Medicines: Promotion of traditional practices

Natural medicine image

Traditional medicine is the sum total of knowledge, skills and practices based on the theories, beliefs and experiences indigenous to different cultures that are used to maintain health, as well as to prevent, diagnose, improve or treat physical and mental illnesses.

In some Asian and African countries, 80% of the population depend on traditional medicine for primary health care. We also estimate that more than one out of three drugs bought in Africa is containing either no therapeutic substance at all, or a substance whose dose is inadequate.

A study of traditional practices can ensure its perenity among the younger local generations and can help improve traditional treatments’ efficiency and reduce their risks.

Current Research

Our mission is to work towards sustainable improvement of sanitary conditions in the poorest contexts. Through the study of traditional health knowledge, we promote traditional practices and the use of locally-produced medicines.

The research programmes that we support in Switzerland and Mali are studying the effectiveness of the most promising traditional methods, to improve them and produce them locally. They focus on greater community involvement in dealing with their health problems, malaria in particular. In order to achieve concrete, scientifically validated and economically viable proposals, it is essential to mobilize health professionals, those involved in traditional medicine and the people directly concerned.
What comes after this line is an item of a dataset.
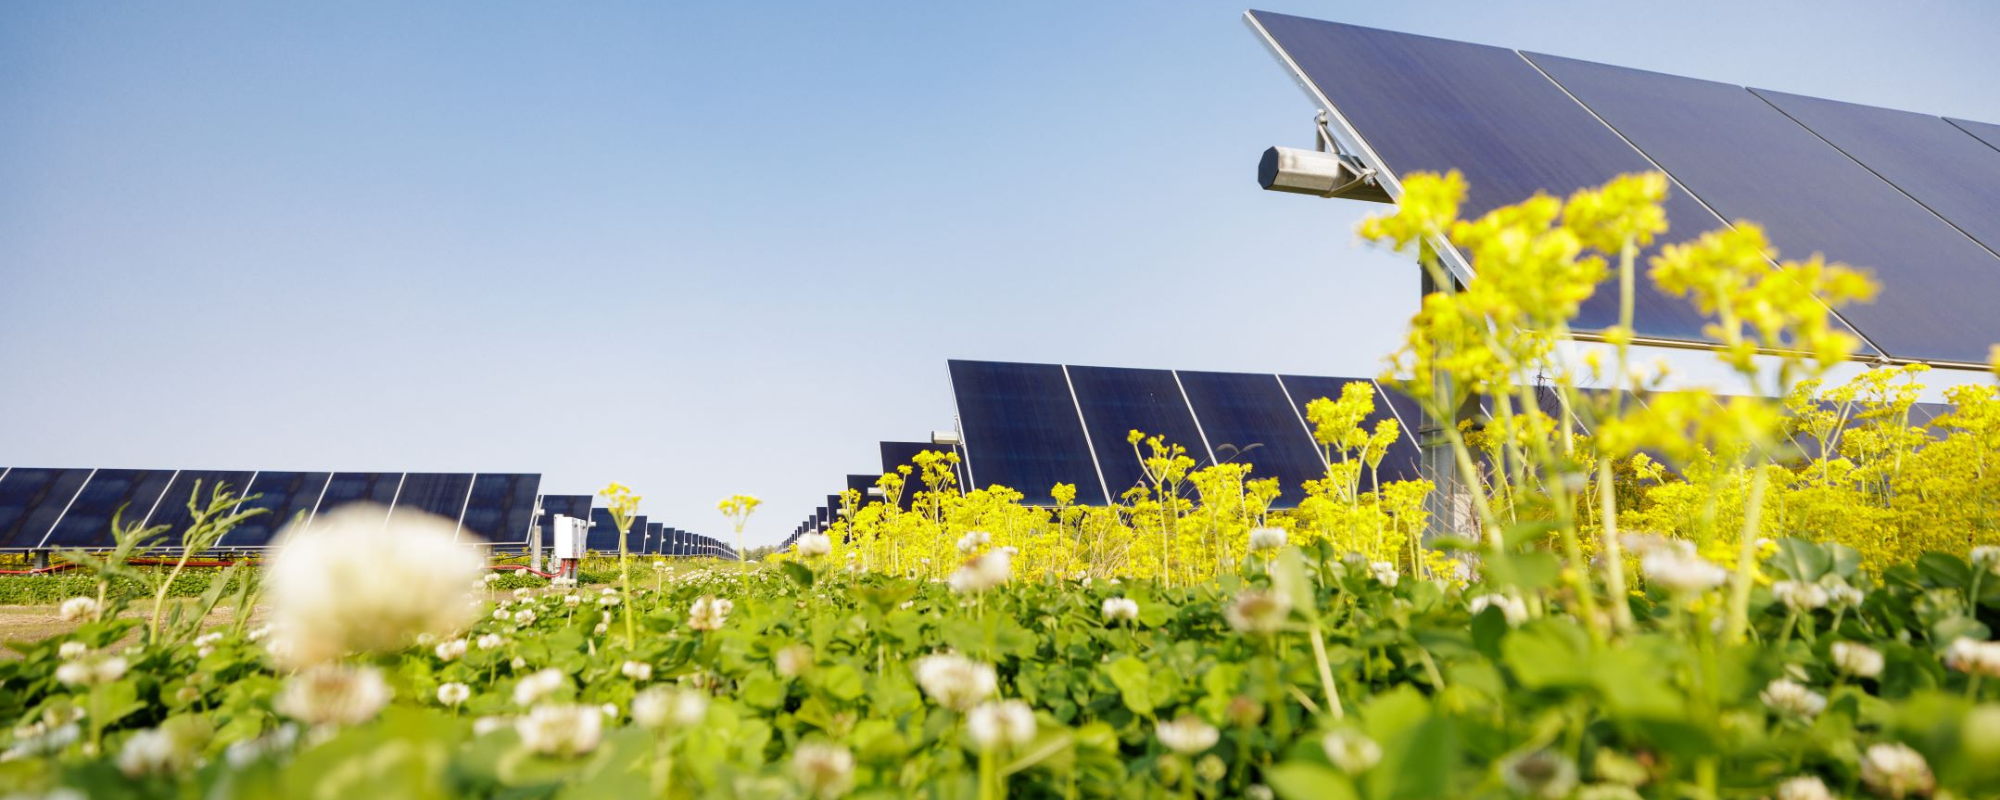 Solar panels with plants

  • Research in Mali and Switzerland: We have now proved that a plant widely spread in hot countries, Argemone mexicana, is very efficient to heal simple malaria. The original method of selecting local and traditional resources known as ‘reverse pharmacology’ has been shown to be particularly productive, through linkages of traditional medicine and therapeutic research.
  • Another simple technique, the technique of sublingual sugar, is proposed as a life-saving solution for children in the critical state of severe malaria. The results of this study in collaboration with the pediatric ward of the hospital in Sikasso in Mali were released in November 2008 in the Malaria Journal.